> [PROBLEM REQUIREMENTS]: Under this line is some data; print exactly the lines from the one containing "12185 Garten Malega" through its last line, without pictures.
+++ SUPPLIED DATA
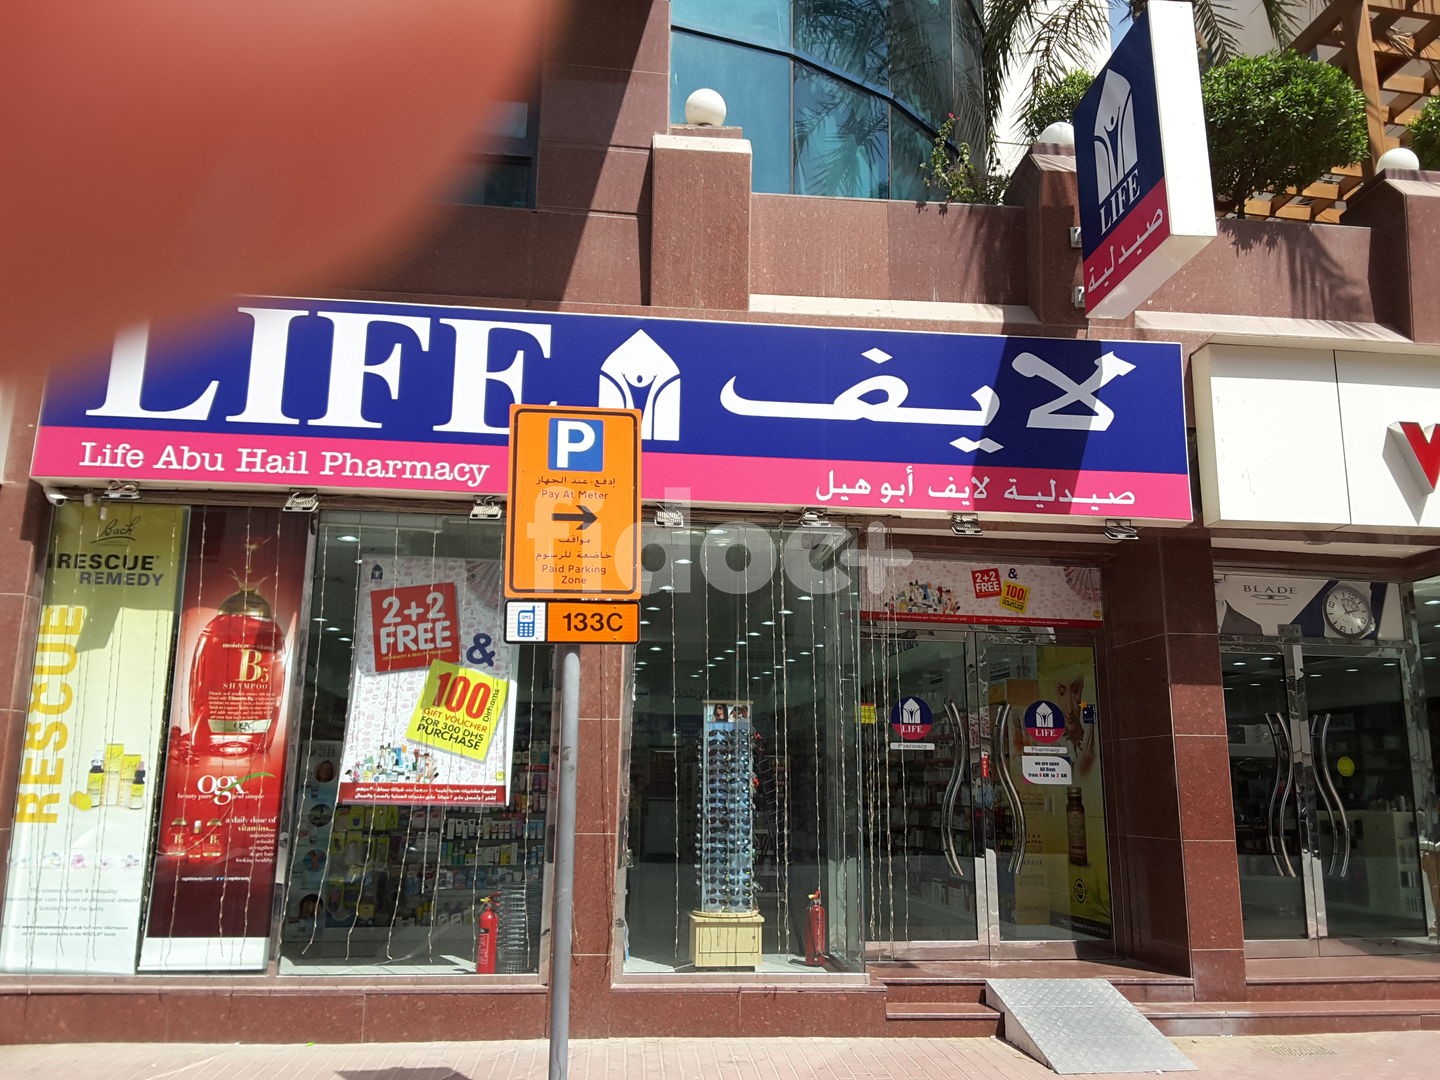 Life Abuhail Pharmacy, Dubai
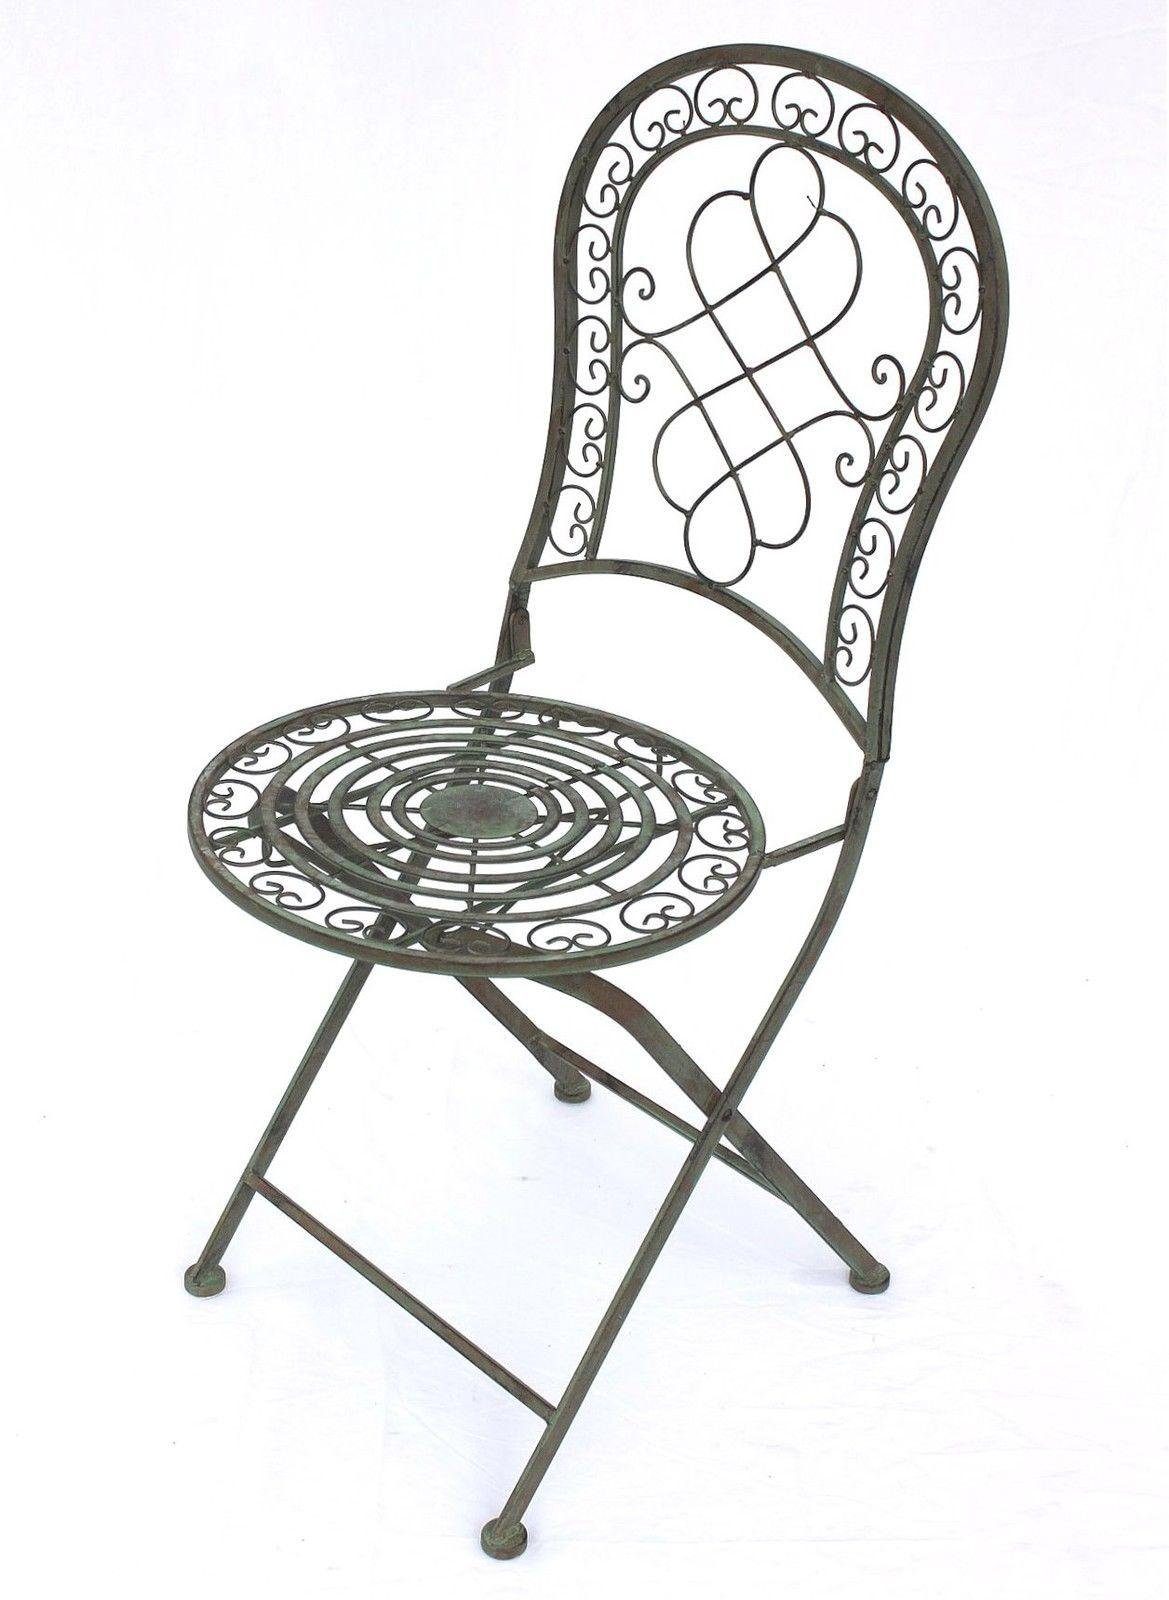 12185 Garten Malega Vintage Nostalgie Eisenstuhl Metallstuhl Stuhl Metall Gartenstuhl Antik Patina Eisen DanDiBo
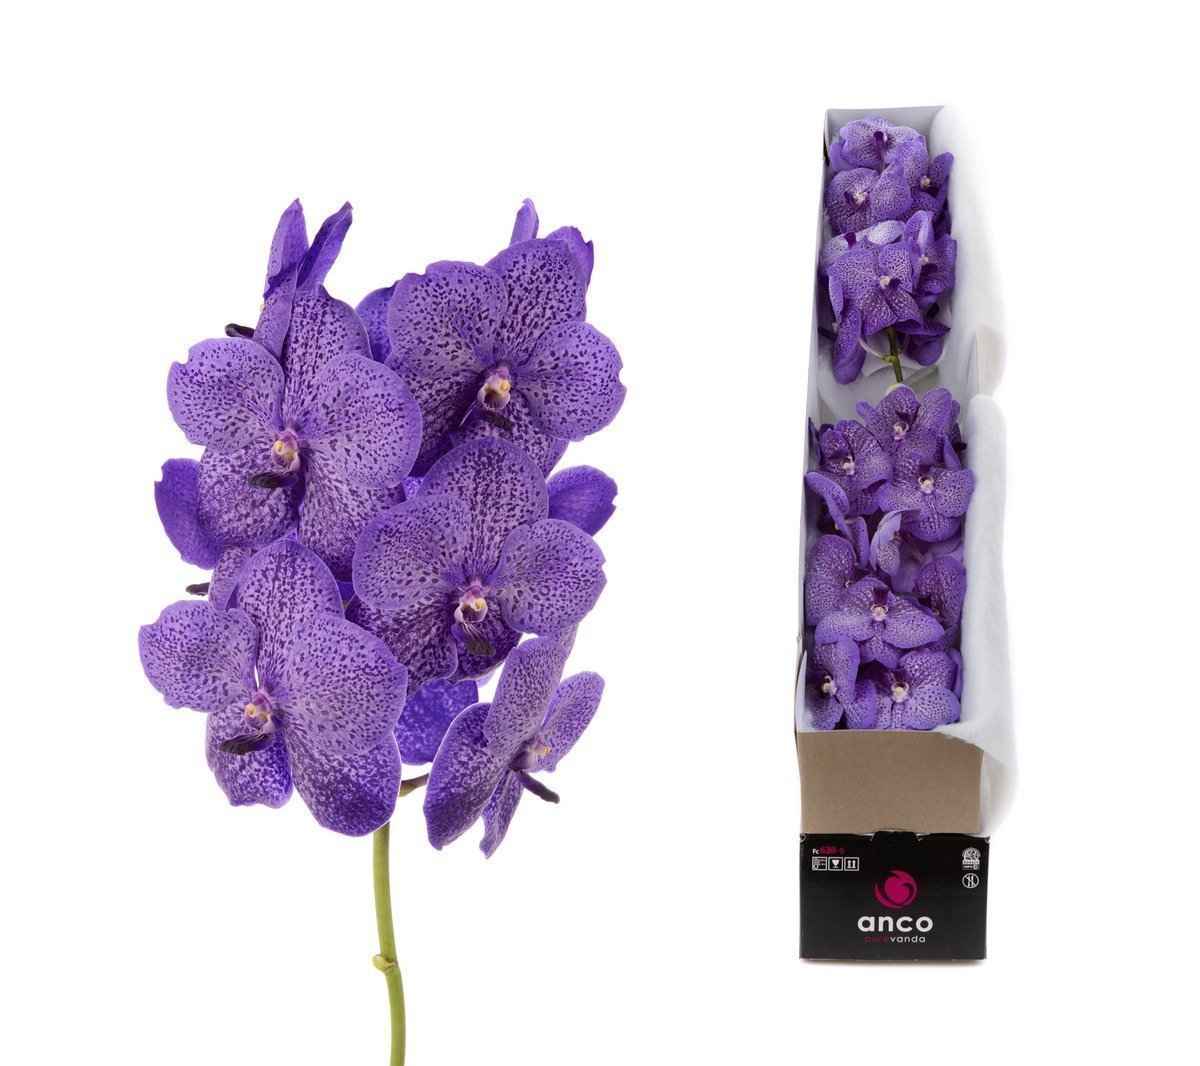 Срезанные цветы оптом Vanda sunanda lavender sprinkles per stem от 4шт из Голландии с доставкой по России
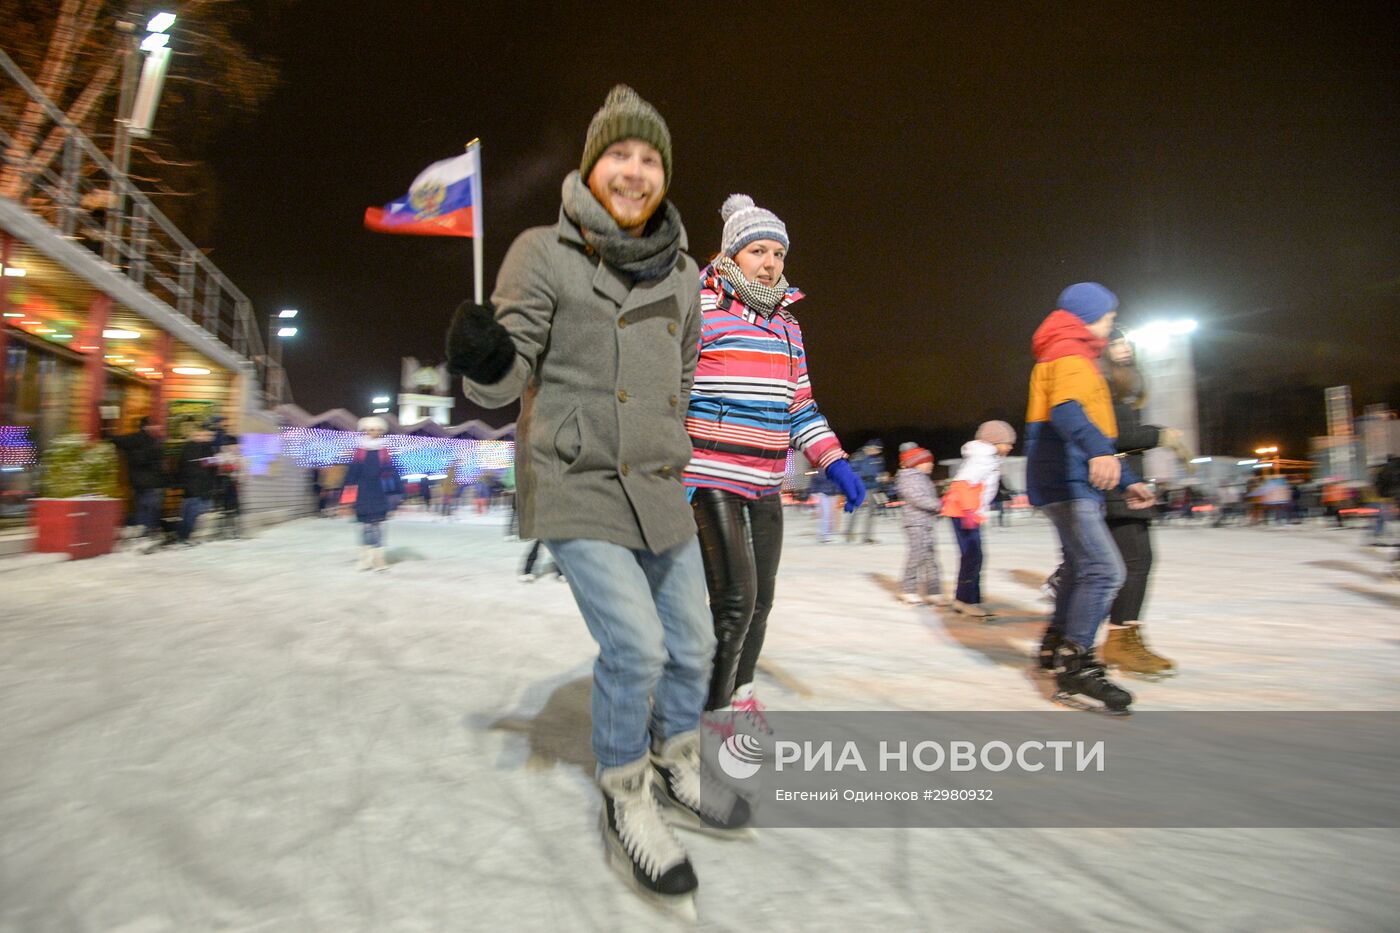 Открытие катка "Лёд" в парке Сокольники
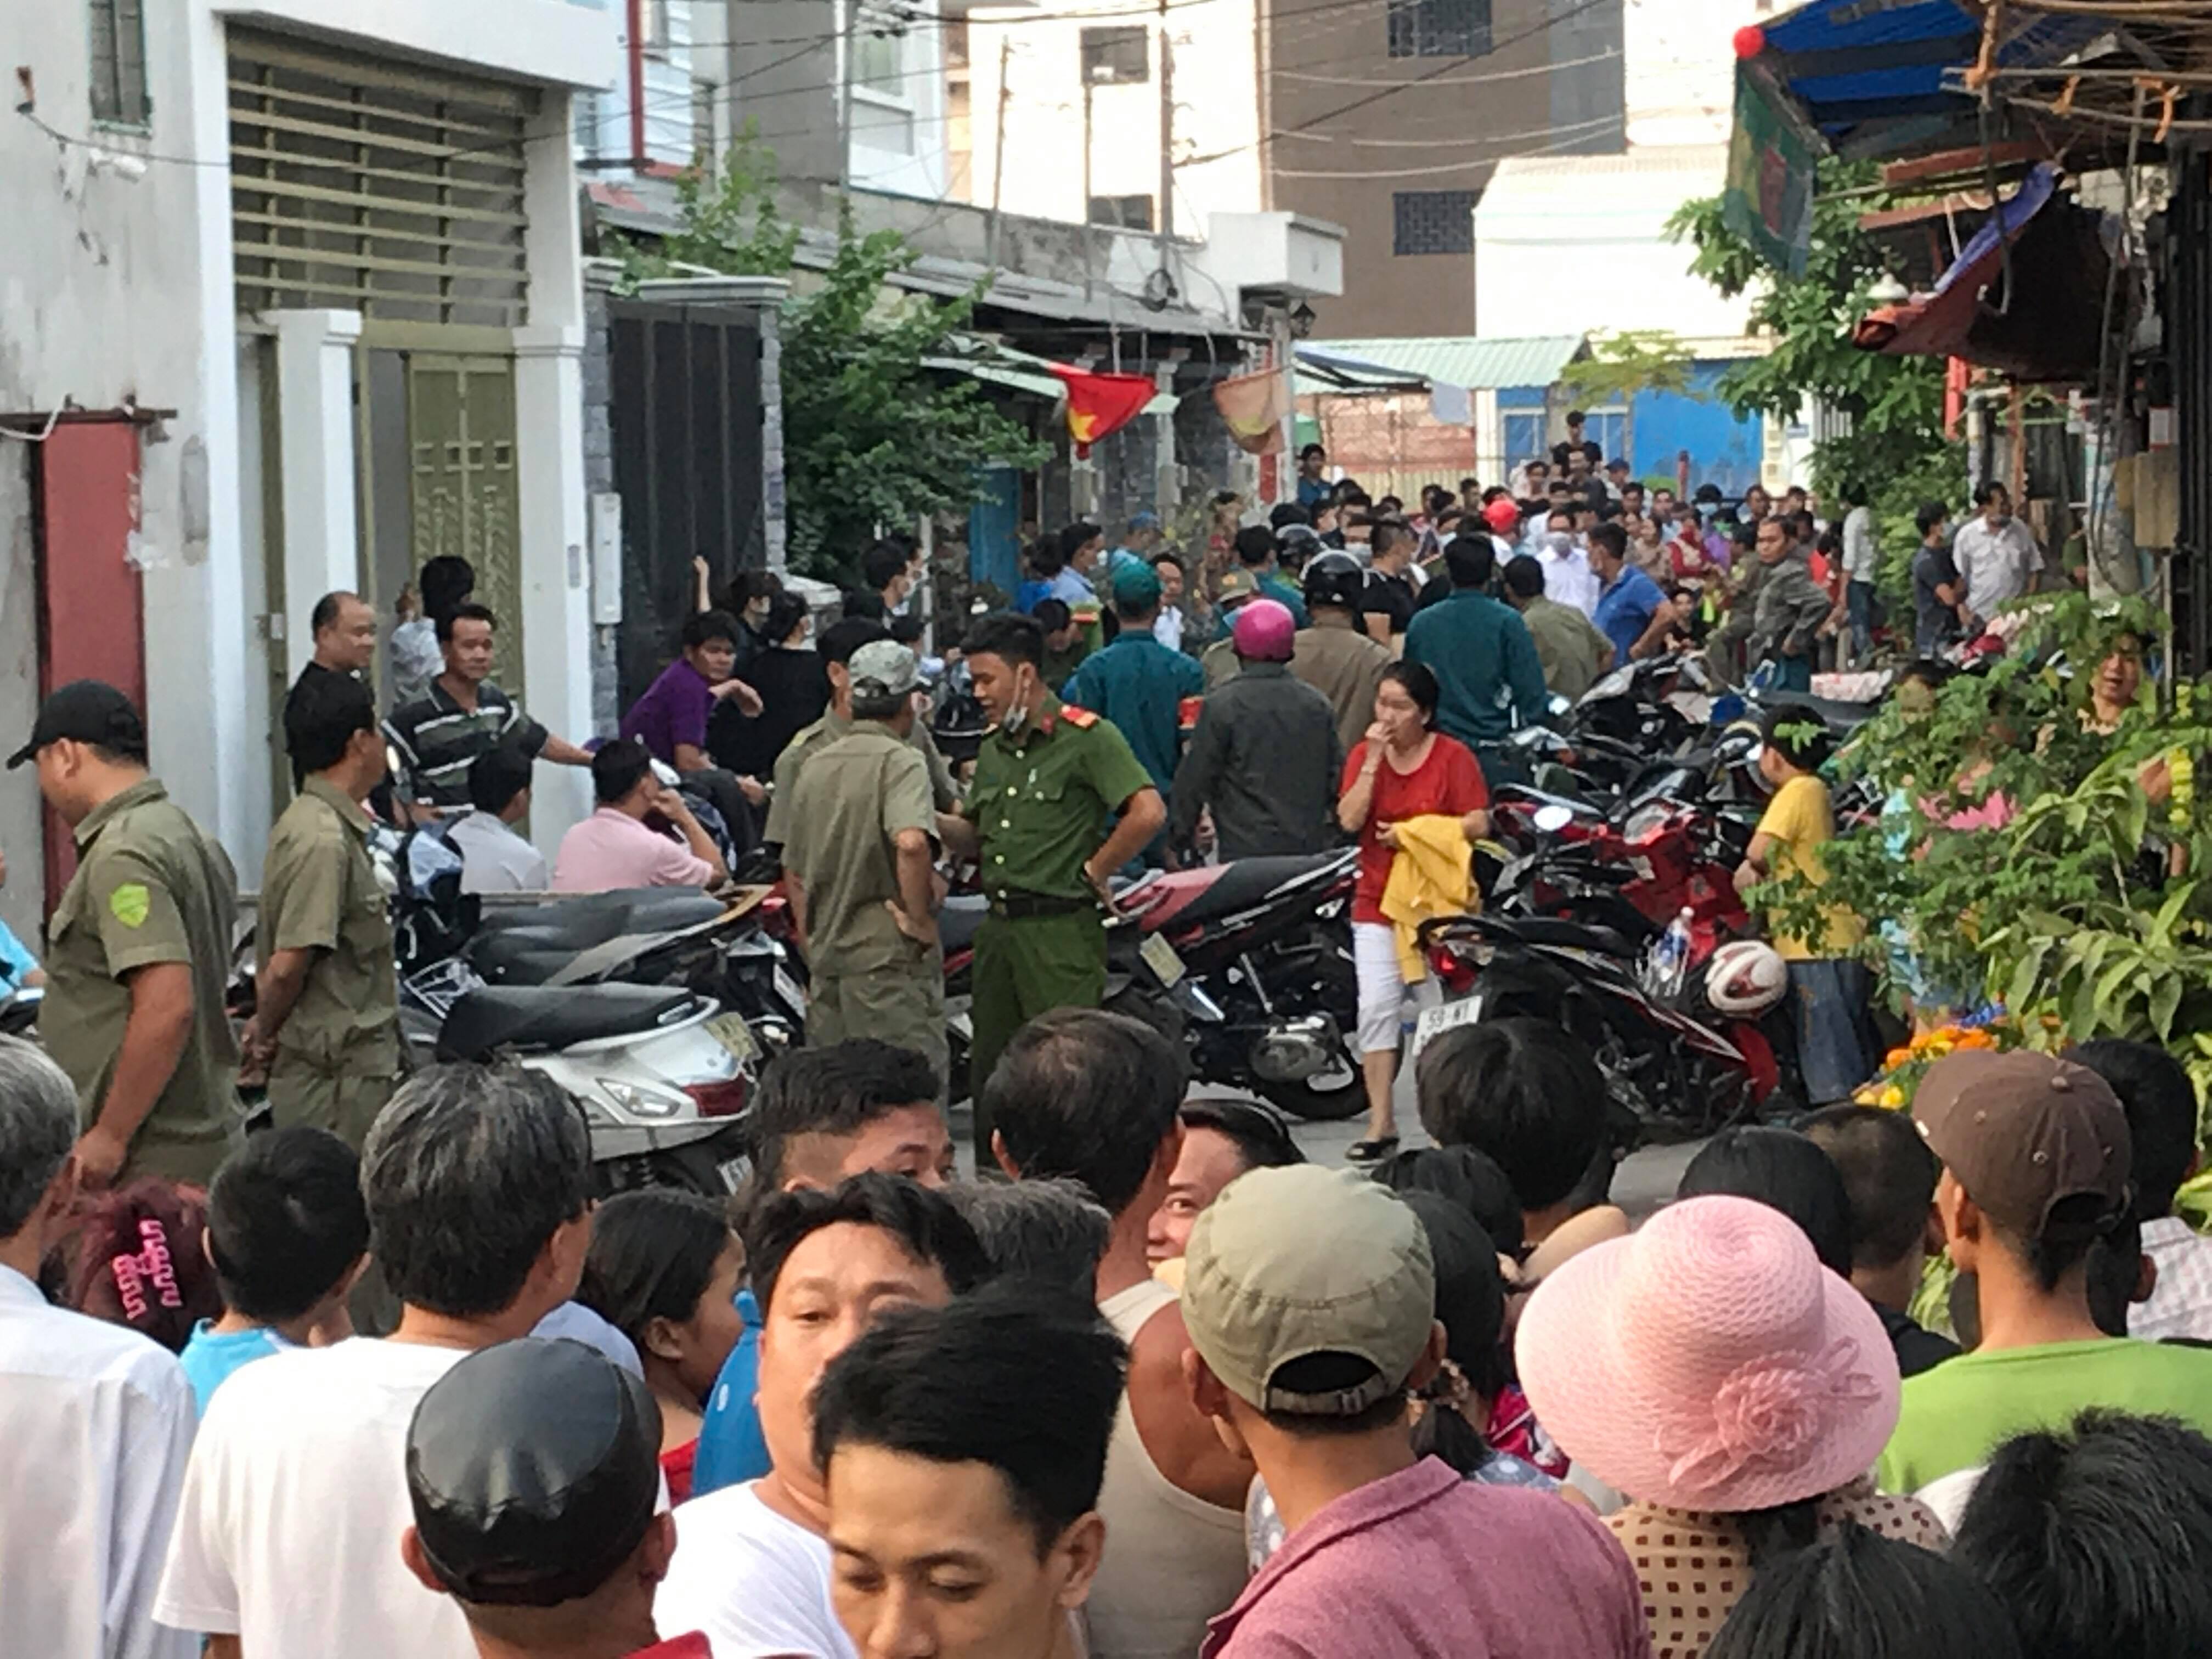 An ninh - Hình sự - Hung thủ sát hại 5 người ở Bình Tân rồi về Long An nhậu với bạn (Hình 2).
++++++
> [RESPONSE TO THIS TASK]:
 12185 Garten Malega Vintage Nostalgie Eisenstuhl Metallstuhl Stuhl Metall Gartenstuhl Antik Patina Eisen DanDiBo
 Срезанные цветы оптом Vanda sunanda lavender sprinkles per stem от 4шт из Голландии с доставкой по России
 Открытие катка "Лёд" в парке Сокольники
 An ninh - Hình sự - Hung thủ sát hại 5 người ở Bình Tân rồi về Long An nhậu với bạn (Hình 2).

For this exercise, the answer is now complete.